Он кивает. Разве он мог бы сказать ей – он и не смог, – что главным во все те годы, пока он мучился виной из-за Дениз, стало то, что у него по-прежнему есть она, Оливия? Эта мысль невыносима, и через миг она улетучится, он отгонит ее от себя как ложную. Потому что кто же такое вытерпит, кто согласится признаться себе, что его вышибает из седла чужое счастье? Нет, это просто абсурд.
– У Дейзи появился друг, – говорит он. – Надо бы пригласить их в гости.
Прилив
По заливу гуляли белые барашки, и надвигался прилив, и слышно было, как вода тащит по дну камешки, те, что помельче. И еще слышалось треньканье тросов о мачты пришвартованных яхт. Чайки, пронзительно взвизгивая, пикировали за рыбьими головами, хвостами и сверкающей требухой, которую бросал им с причала мальчик, чистивший макрель. Все это Кевин видел и слышал, сидя в своей машине с приоткрытыми окнами. Машина стояла на травяном пятачке недалеко от марины – пристани для яхт. Немного дальше, на гравийной парковке, стояли два грузовика.

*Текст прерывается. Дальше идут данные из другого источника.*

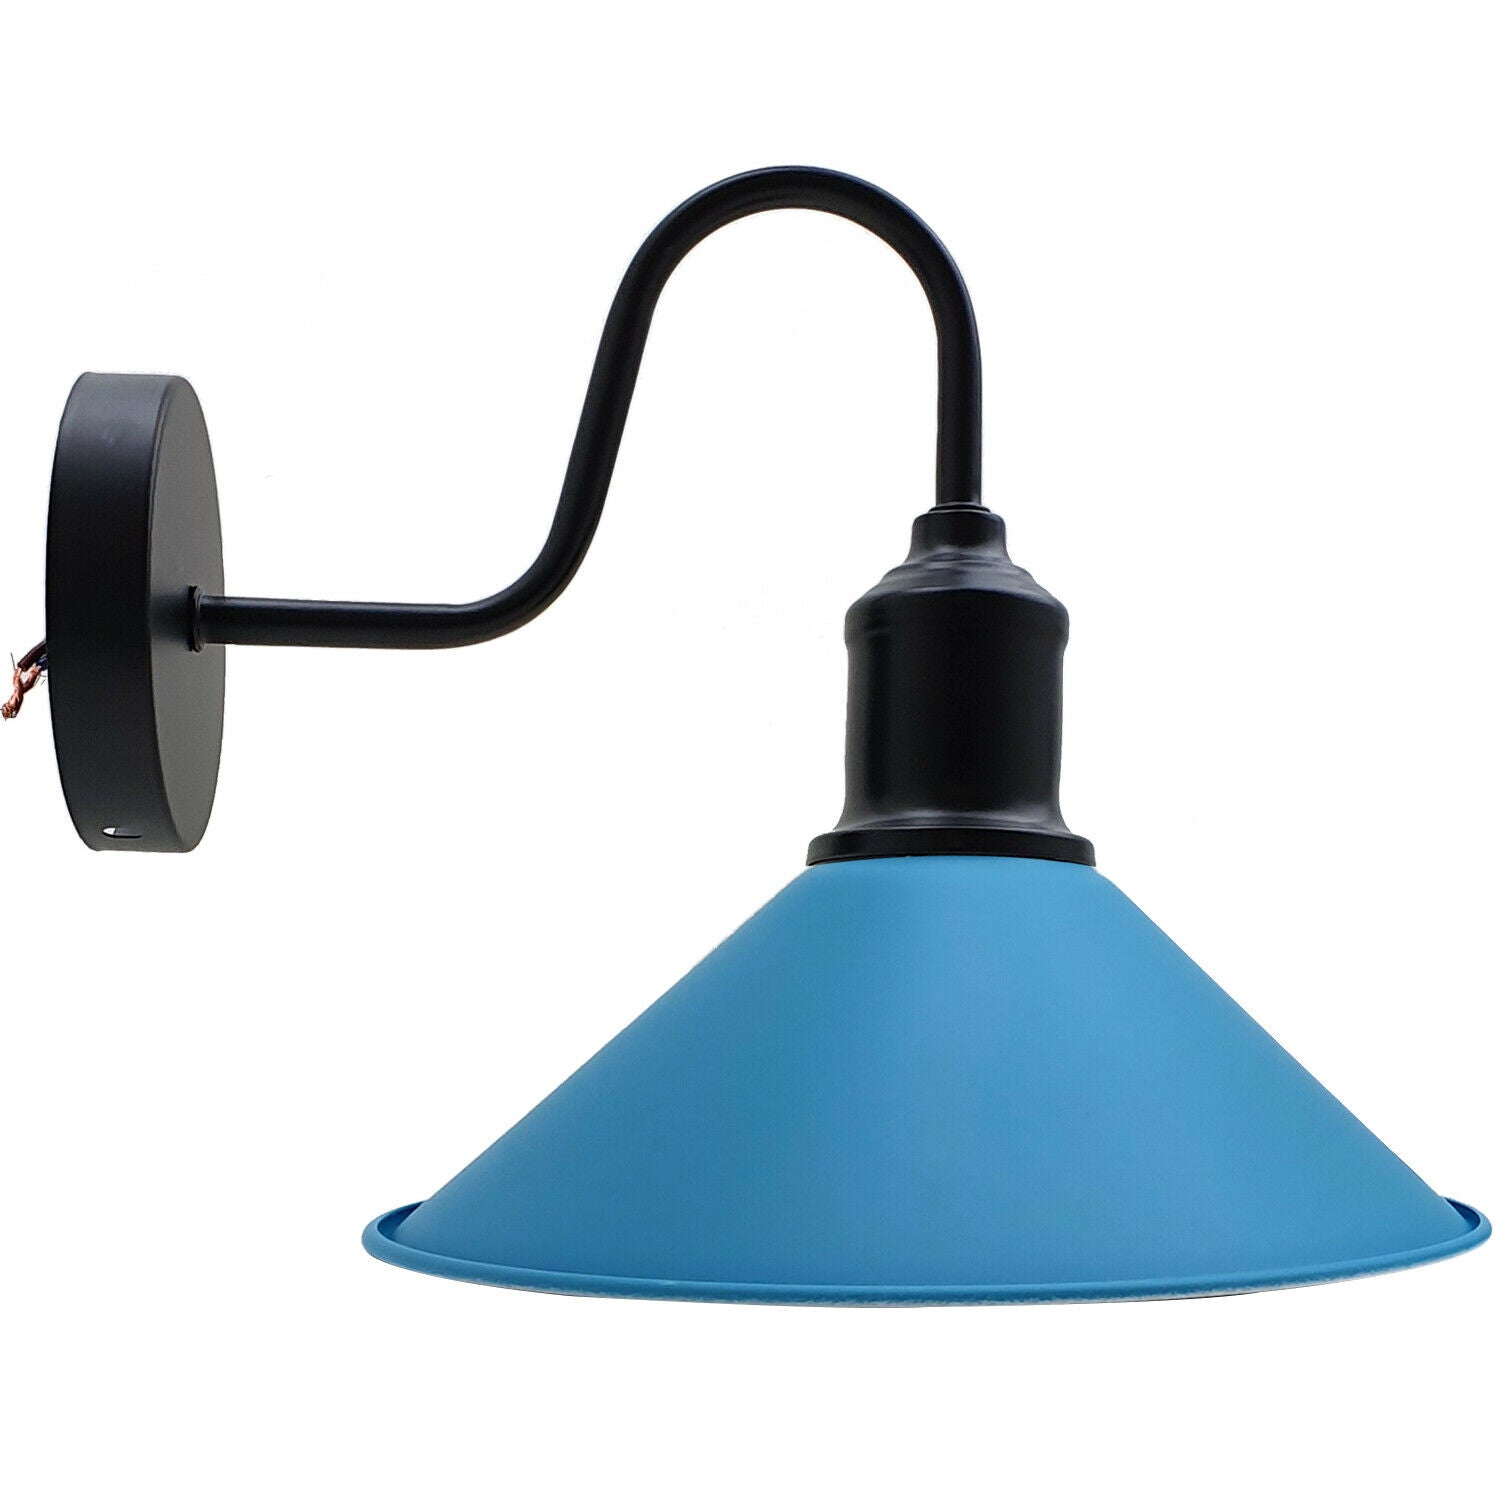 Modern Retro Industrial Blue Color Wall Mounted Lights Rustic Sconce Lamps Fixture~2483 - LEDSone UK Ltd
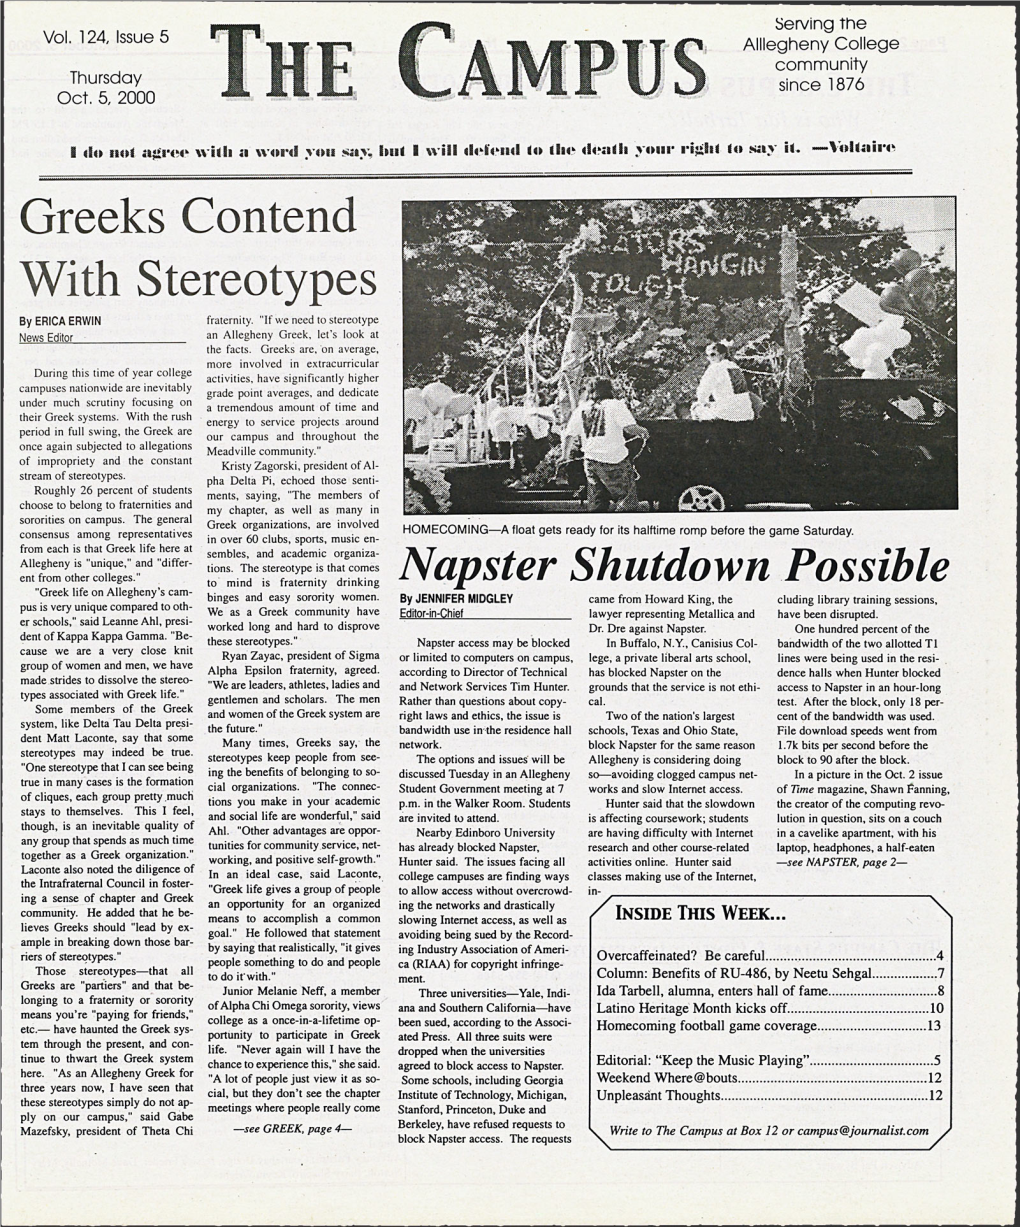 Greeks Contend with Stereotypes by ERICA ERWIN Fraternity

Сколько прошло времени, Кевин не знал.
В какой-то миг сетчатая дверь марины со скрежетом отворилась, потом захлопнулась, и Кевин стал смотреть, как человек в темных резиновых сапогах не спеша подходит к грузовику и забрасывает в кузов тяжелую бухту каната. Если он и заметил Кевина, то виду не подал, даже когда, выезжая задним ходом, повернул голову в его сторону. Они не могли знать друг друга в лицо. Кевин не был в этом городке с детства, он уехал в тринадцать лет, вместе с отцом и братом, и теперь он здесь такой же чужак, как любой турист. И все же, глядя на изрезанный солнечными лучами залив, он чувствовал, до чего знаком ему этот вид; вот уж этого он не ожидал. Соленый воздух наполнял ноздри, кусты дикой розы с их белыми цветами приводили его в странное смятение, их шелковистые белые лепестки будто скрывали в себе печальное неведение.
Патти Хоу налила кофе в две белые кружки, поставила их на стойку, тихо произнесла «На здоровье» и вернулась раскладывать кукурузные маффины, которые только что передали через окошечко из кухни. Она видела человека, сидящего в машине, он там сидел уже добрых часа полтора, но люди иногда так поступают, выезжают из города, просто чтобы поглазеть на воду. И все же было в нем что-то такое, что вызывало у нее беспокойство. «Они идеальны», – сказала она повару, потому что верхушки маффинов были поджаристые по краям и золотистые, как восходящие солнца. Оттого что запах свежей выпечки не вызвал у нее тошноту, как за минувший год бывало дважды, ей сделалось грустно, печаль окутала ее, словно мягкий сумрак. В ближайшие три месяца даже не думайте, сказал им врач.